Sri Lanka's garment export industry is asking the government to negotiate more preferential trade agreements, to counter market losses from recession and GSP+ uncertainty. Because of the poor export climate so far this year, the Joint Apparel Association Forum (JAAF), the garment industry representative body, has cut its export targets for the next 5 years, by US$ 1 billion. The JAAF has cut its projected annual export revenue from US$ 5 billion, to US$ 4 billion, by 2015, in its latest 5-year strategy.
The industry has suggested looking into trade agreements with Russia, China, Japan and Brazil, and is asking the government to also expand trade concessions from India. "The 5-year plan was formulated to be competitive and to move toward a target. Originally we thought of a target of US$ 5 billion, but considering the fact that half the year has gone and the markets are not too positive, and with our cost structure as it is, we revised the target to US$ 4 billion, which would be more realistic," said the Secretary General of the JAAF, Rohan Masakorala.
JAAF says over the first three months this year, export earnings have dropped by about 15% compared to 2009 and that would be the trend in 2010. But the industry is hoping for 5% year-on-year export income growth from 2011 to 2015.

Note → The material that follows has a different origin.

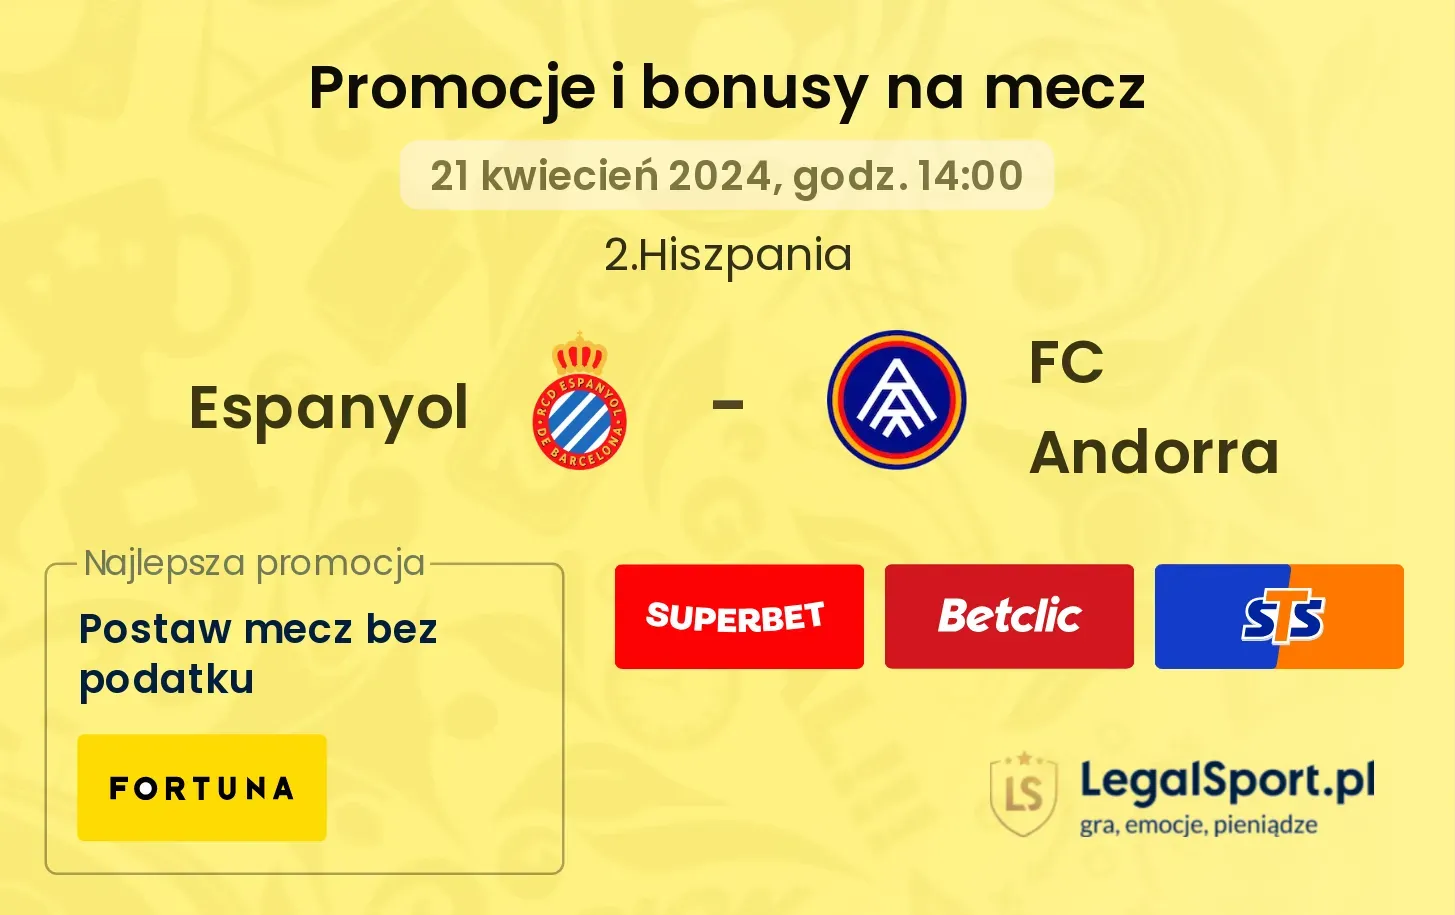 Espanyol - FC Andorra promocje bonusy na mecz

"This year, we are expecting a 5%- 10% drop in export earnings compared to 2009 because we don't see any recovery in consumer spending in western markets at all. But from 2011 we are expecting a 5% growth every year, to get an annual export turnover of US$ 4 billion in 2015," said Mr Masakorala.
JAAF's extremely conservative export projections are not based only on recession doldrums. The industry is worried about its future in the European Union (EU).

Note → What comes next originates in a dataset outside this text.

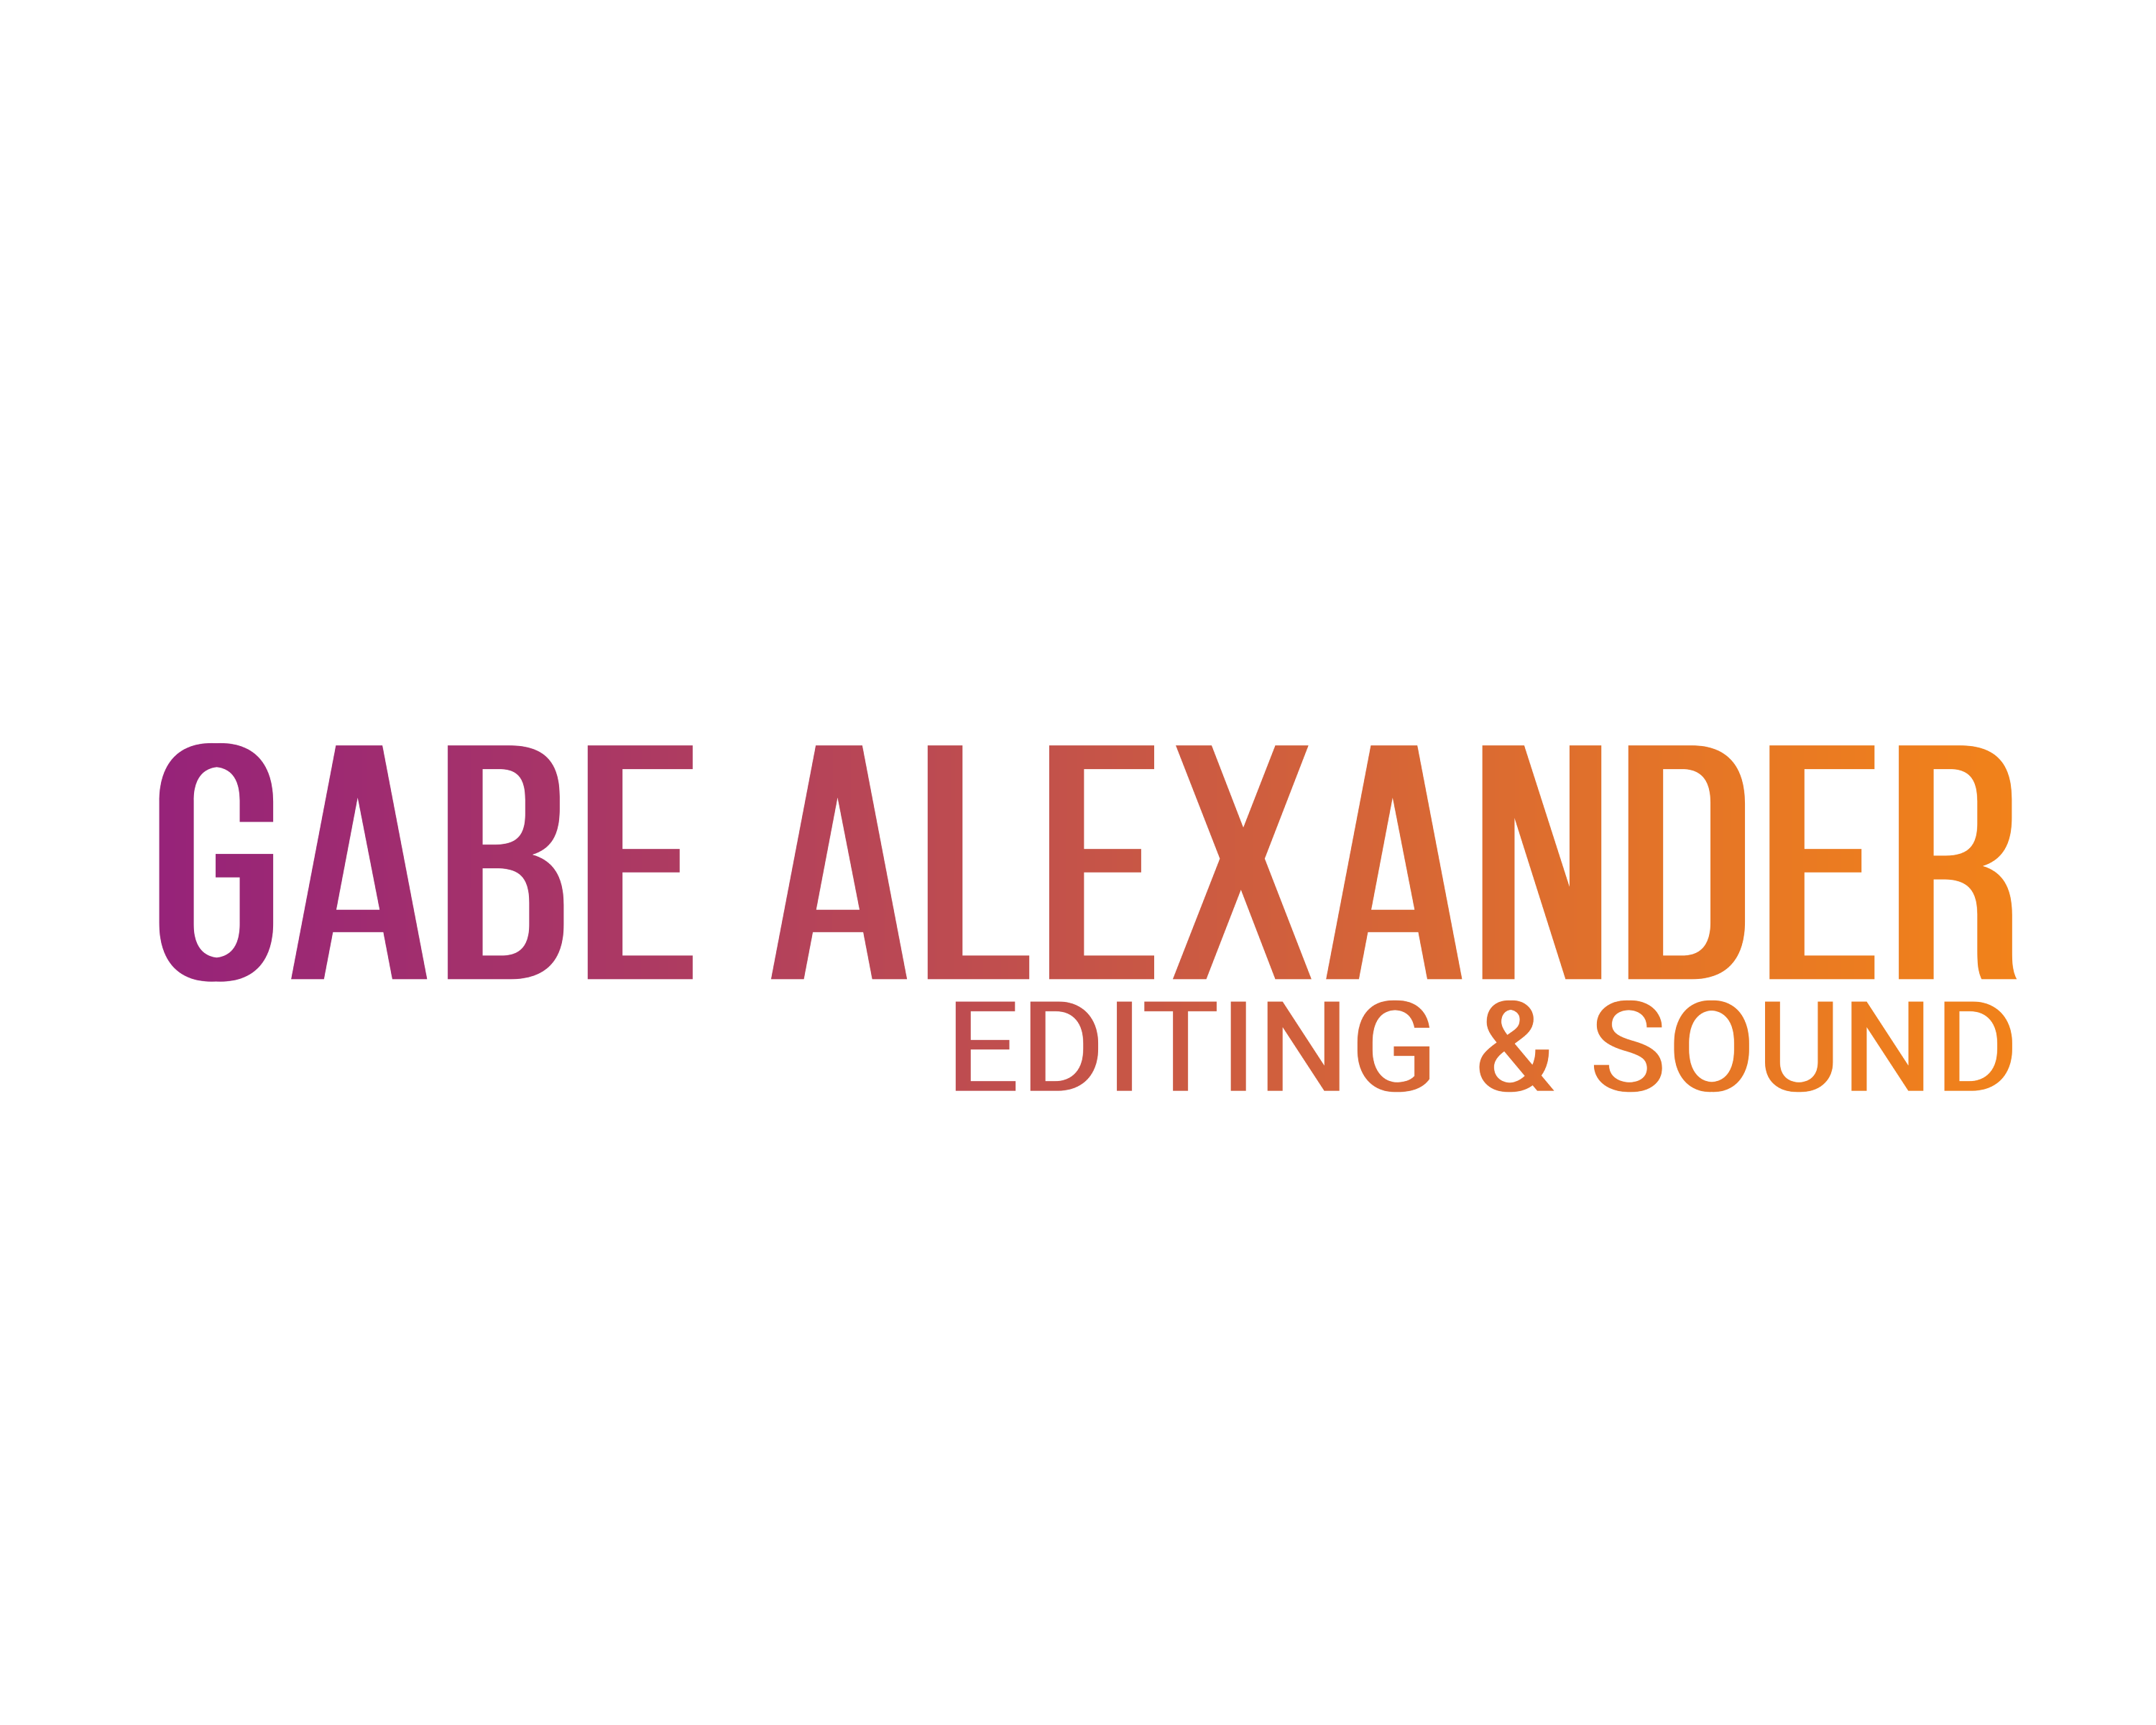 Gabe Alexander

The Euro has depreciated against the US dollar and consumer demand is still weak from recession. But the biggest worry is that the duty free window for Sri Lankan apparel exports into the EU - the GSP+ (Generalised System of preferences Plus) - may not be open after mid-August 2010.

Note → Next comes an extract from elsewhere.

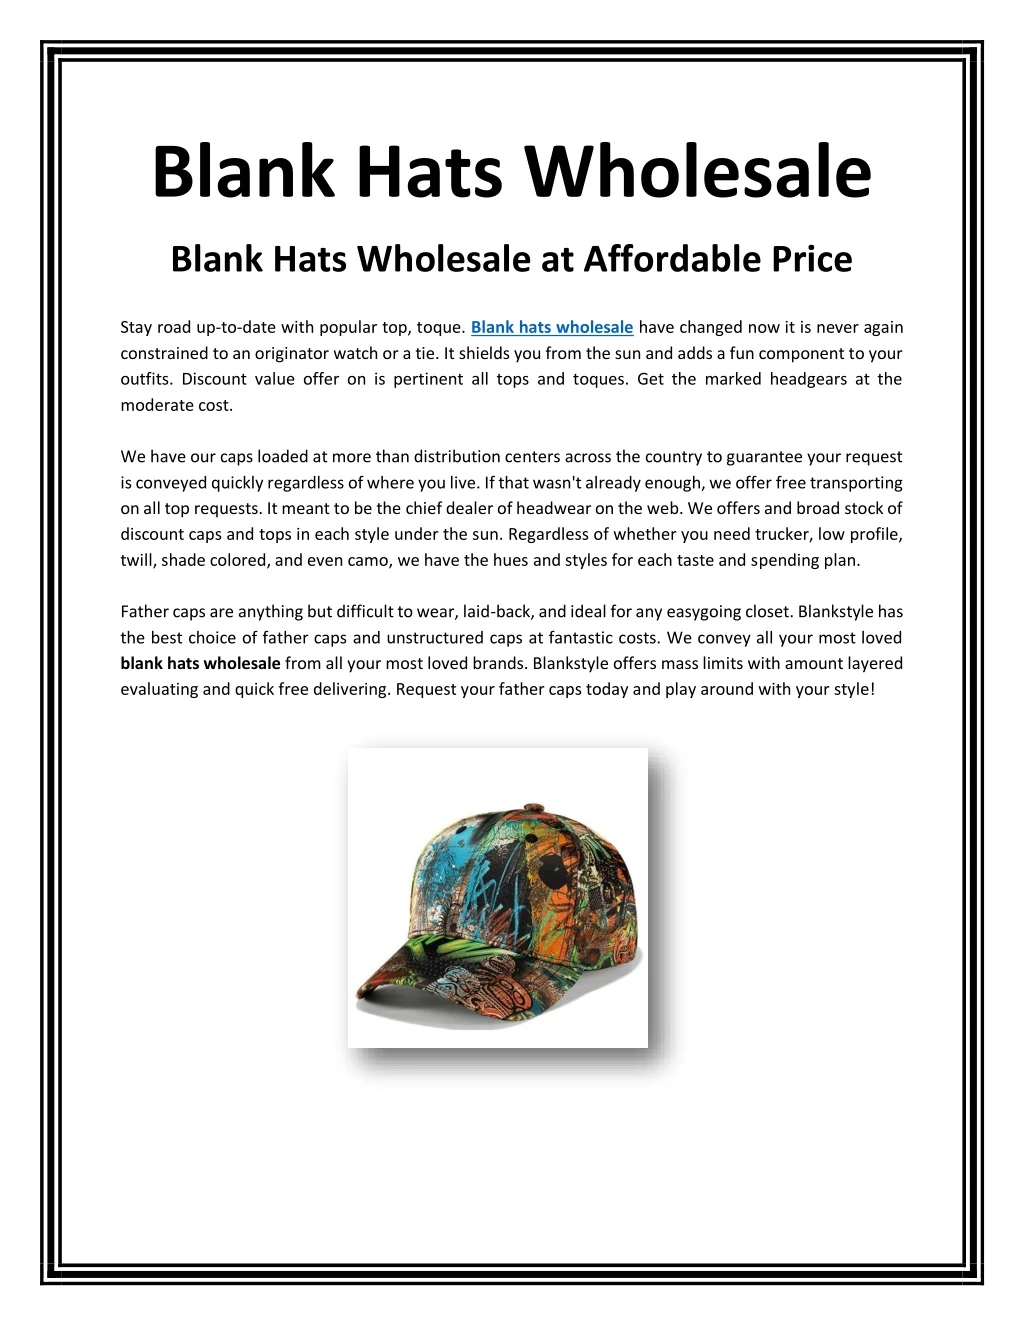 blank hats wholesale

At this point the EU bloc accounts for over half of Sri Lankan apparel exports (52%), while around 75% of these exports use the GSP+. However, the EU may suspend the GSP+ scheme for Sri Lanka in August 2010. This means Sri Lankan apparel having to pay duties of 8%-12%. "Whether we can retain orders from the EU would depend on whether we can retain our prices without the GSP+. At this point EU buyers want our companies to absorb the price difference fully or partially and this is very difficult to do because margins have been narrowing for some time now," said Mr Masakorala.
Scramble for new markets
Given the uncertainty in its biggest market, the JAAF wants the government to urgently start looking around for new markets for Sri Lankan apparel exports. "We do not expect new markets to take the place of our major markets, the US and EU. This is not possible.
But new markets will reduce the concentration on these two markets and will spread the risk a bit. It will also give new growth opportunities," said Mr Masakorala.
Less than 7% of total Sri Lankan apparel and textile exports go to destinations other than the US and the EU. While countries like Australia, Canada, Israel, Japan, South Korea and Switzerland do register some Sri Lankan garment exports, the volumes are extremely low.